Submitted to: Soil Science Society of America Journal
Publication Type: Peer Reviewed Journal
Publication Acceptance Date: March 23, 2008
Publication Date: July 1, 2008
Citation: Lamorski, K., Pachepsky, Y.A., Slawinski, C., Walczak, R. 2008. Using support vector machines to develop pedotransfer functions for water retention of soils in Poland. Soil Science Society of America Journal. 72:1243-1247.
Interpretive Summary: For large scale projects, the ability of soils to retain and to transmit water is often estimated rather than measured. The estimation uses soil survey data as the input and the soil water retention and hydraulic conductivity as the output. Currently, the estimation procedures relate the inputs and outputs using the artificial intelligence, or machine learning. Artificial neural networks (ANNs) that crudely mimic the brain functioning are the tools of choice. Although preferable to statistical regression techniques, ANNs have an important disadvantage - there is no guarantee that the ANN does the best estimation. Recently a different, more rigorous estimation method called support vector machines (SVM) has been introduced and is gaining popularity is due to the belief that it produces the best estimates. We compared SVM and ANN estimators obtained on the national database called Soil Profiles Bank of Polish Mineral Soils. ANN gave the same accuracy as SVM. This allows one to suggest that existing ANN-based hydraulic property estimators provide the best estimations, although this hypothesis needs further testing.

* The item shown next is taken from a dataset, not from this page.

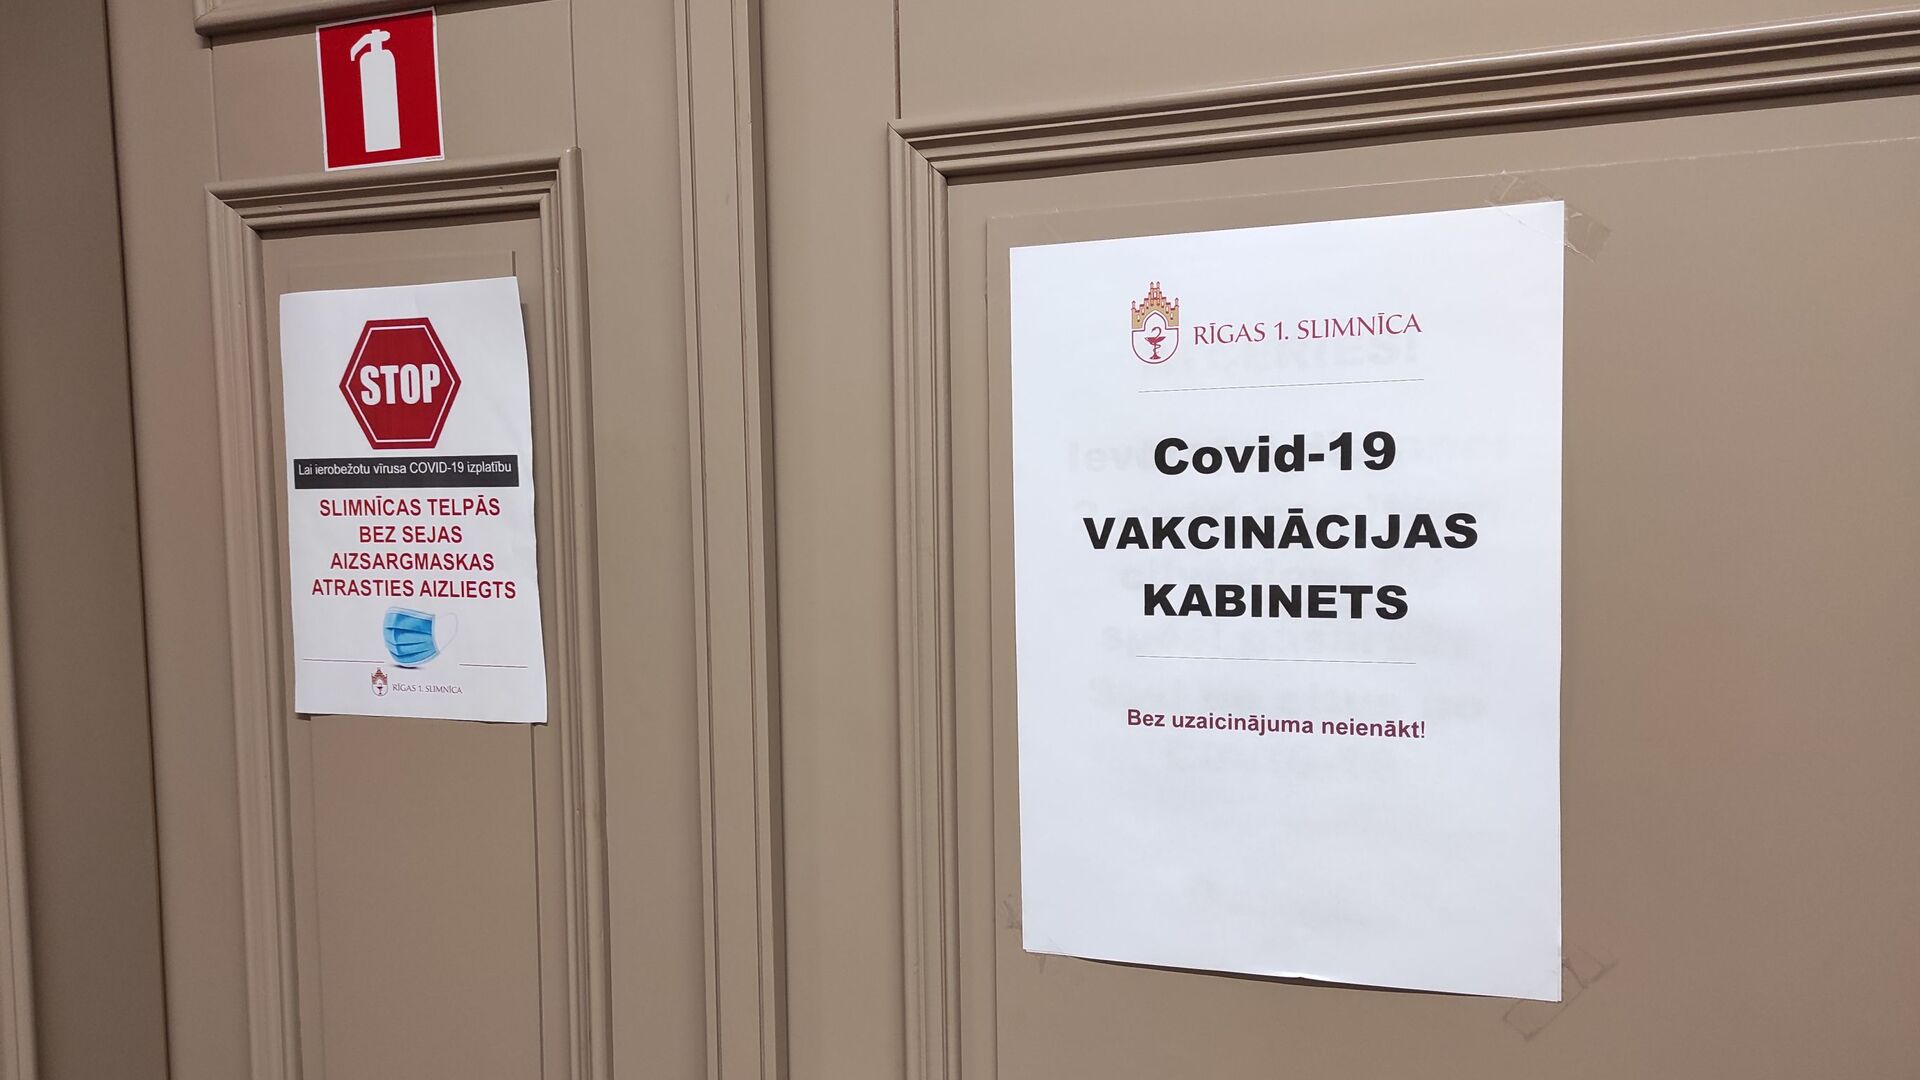 Кабинет вакцинации в Первой городской больнице Риги  - Sputnik Латвия, 1920, 26.04.2021
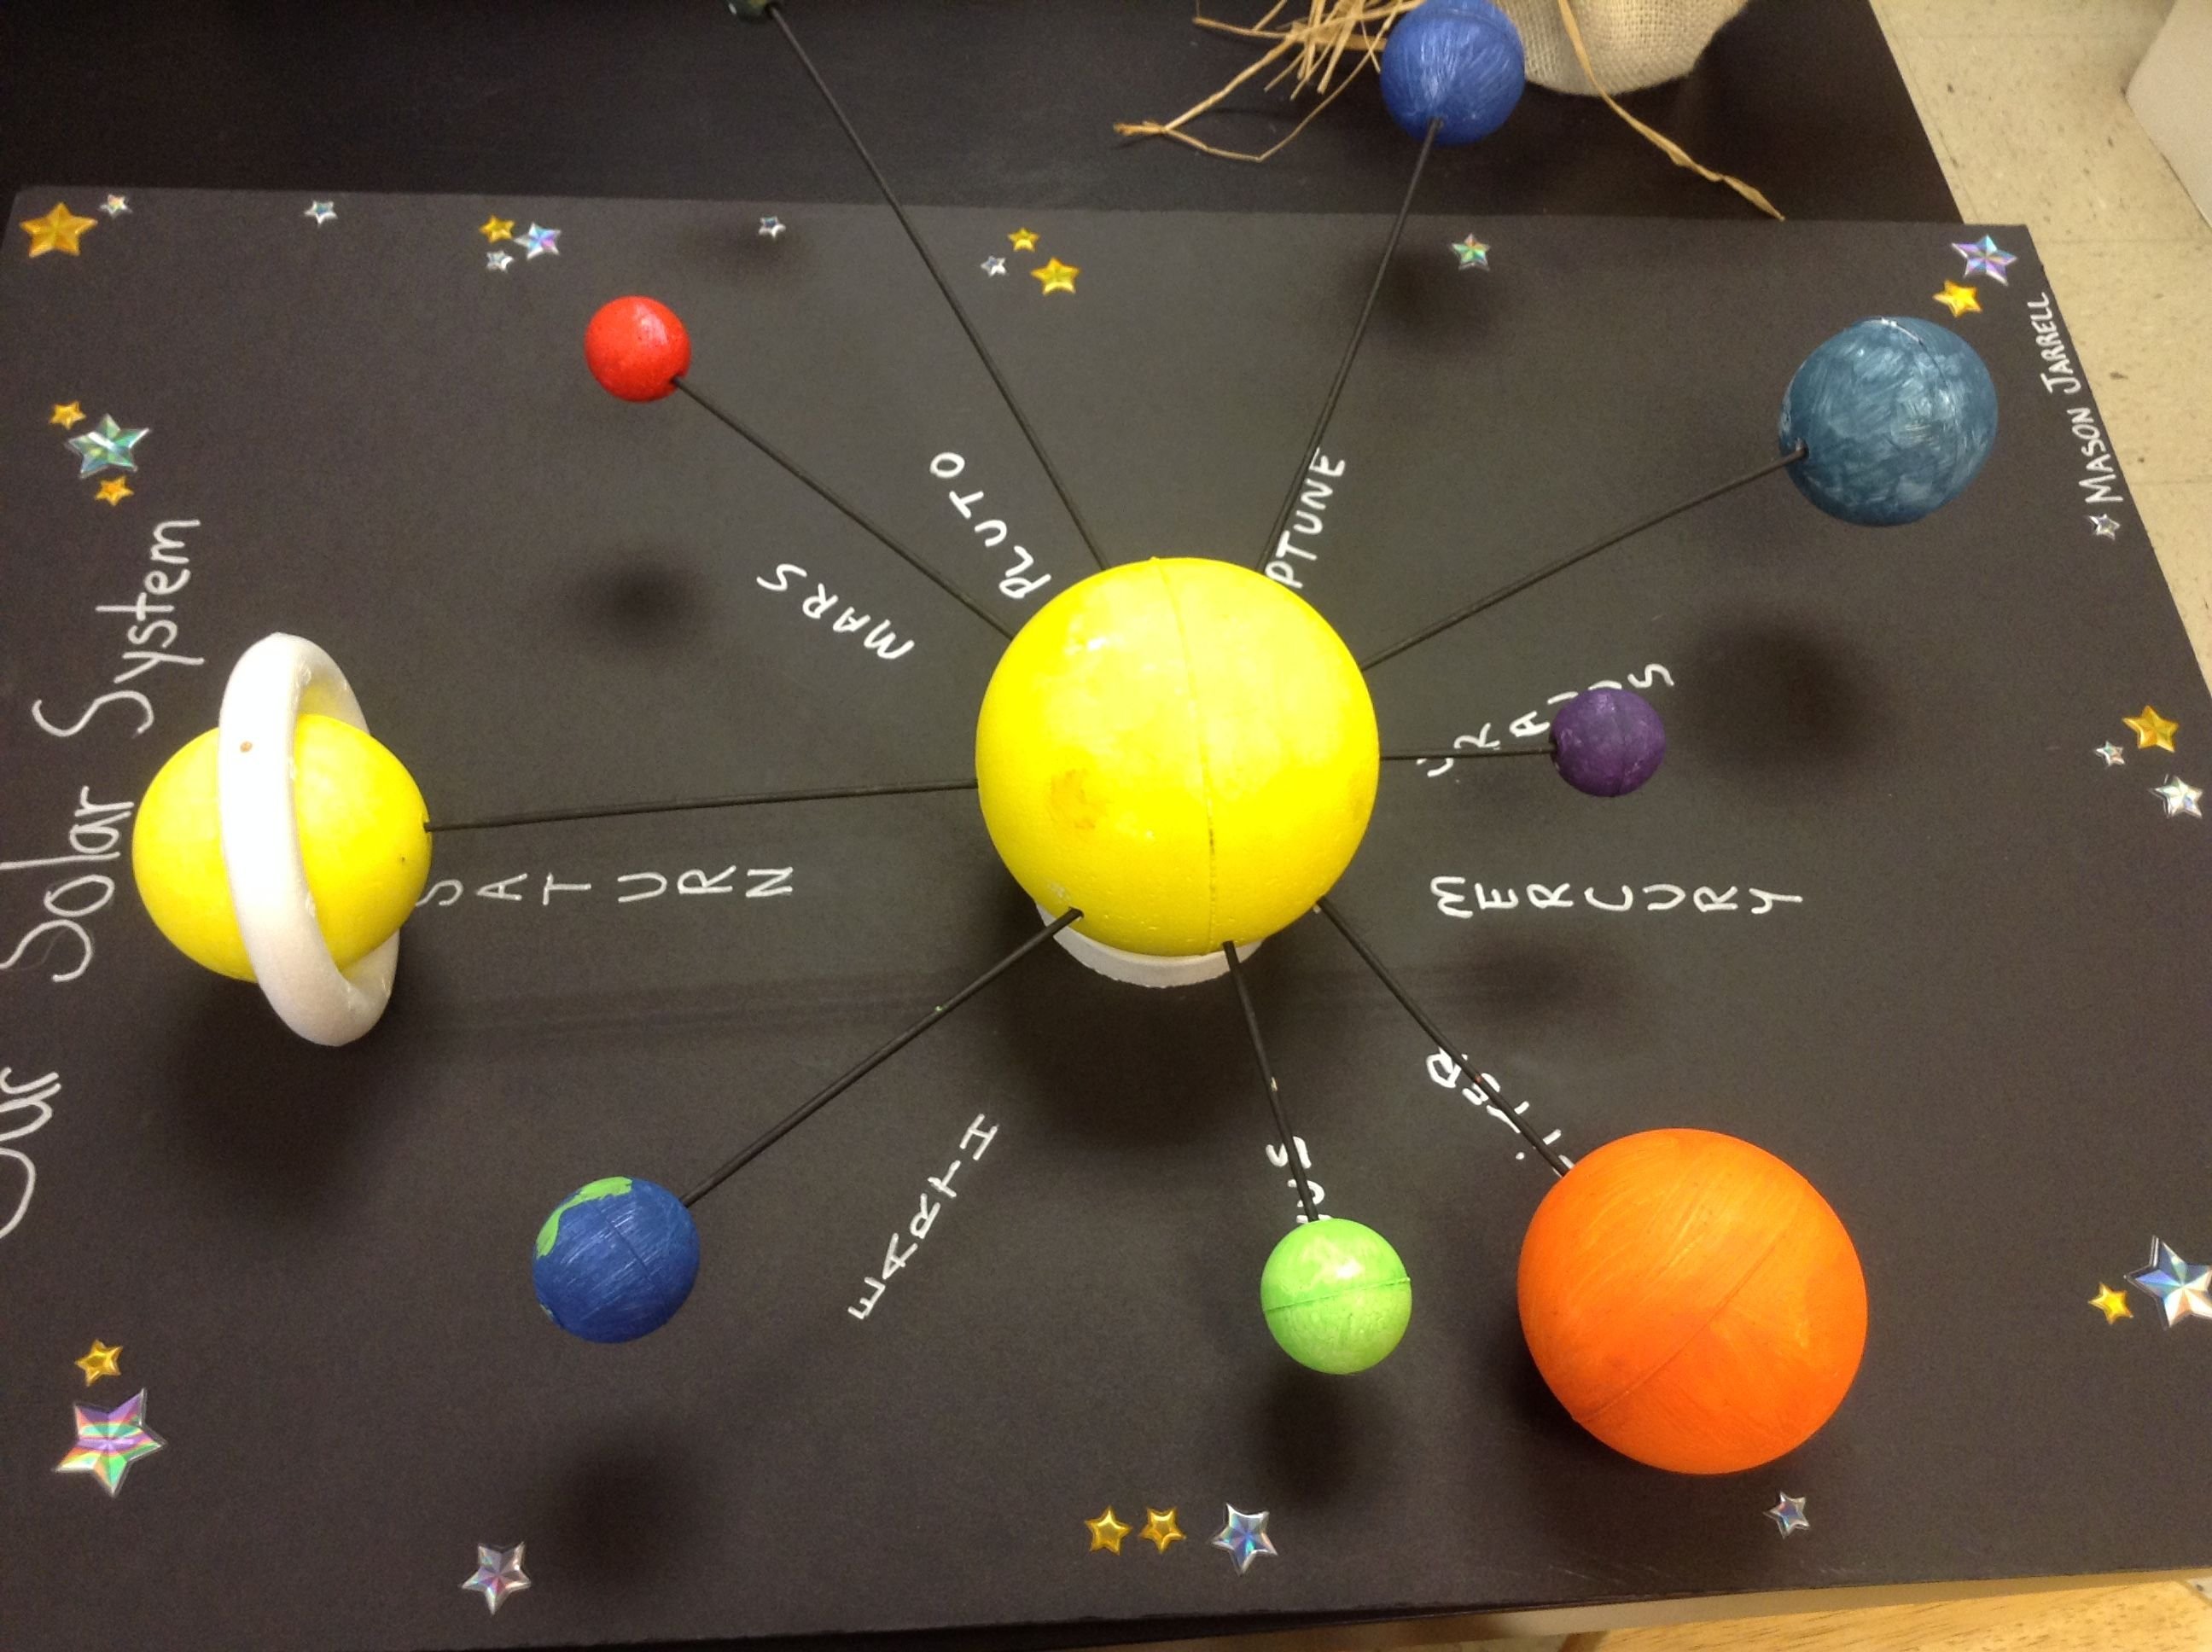 Поделки солнечной системы из пластилина на бумаге идеи по изготовлению своими руками фото

Pedotransfer functions (PTF), which estimate soil hydraulic parameters from better known soil properties, are the important data source for hydrologic modeling. Recently artificial neural networks (ANNs) became the tool of choice in PTF development. Training of ANN can be viewed as finding the minimum of the mean-squared error as dependent on the neuron weights. None of training algorithms can guarantee that the global rather the local minimum will be found. Recent developments in machine learning methods include the growing research and application of the alternative data driven method called Support Vector Machines (SVMs). SVMs have gained popularity in many traditionally ANNs dominated fields. Using the SVM eliminates the local minimum issue - the minimum found is always the global one. The objective of this work was to see whether using the SVM to develop PTFs may have some advantages compared with the ANN. We have used the Soil Profiles Bank of Polish Mineral Soils that includes hydraulic properties for about 1000 soil samples taken from 290 soil profiles. This database was repeatedly randomly split into training and testing datasets, and both SVMs and ANNs were trained and tested for each split with bulk density, sand and clay as input variables, and water contents at 11 soil water potentials as the output variables. The PTF performance was evaluated by using the test datasets to compute the determination coefficient, the root-mean-squared error, and slope and intercept of the linear regression “simulated vs. measured water contents.” There was no statistically significant difference (P<0.05) between the average ANN and SVM determination coefficient and the root-mean-squared error for most of the 11 matric potential measurement levels. The SVM performed slightly better where the significant difference was found but this difference should not be important for many practical purposes. Overall, the ANN did not demonstrate the tendency to generate worse predictions after being stuck in local minima for the database of this work.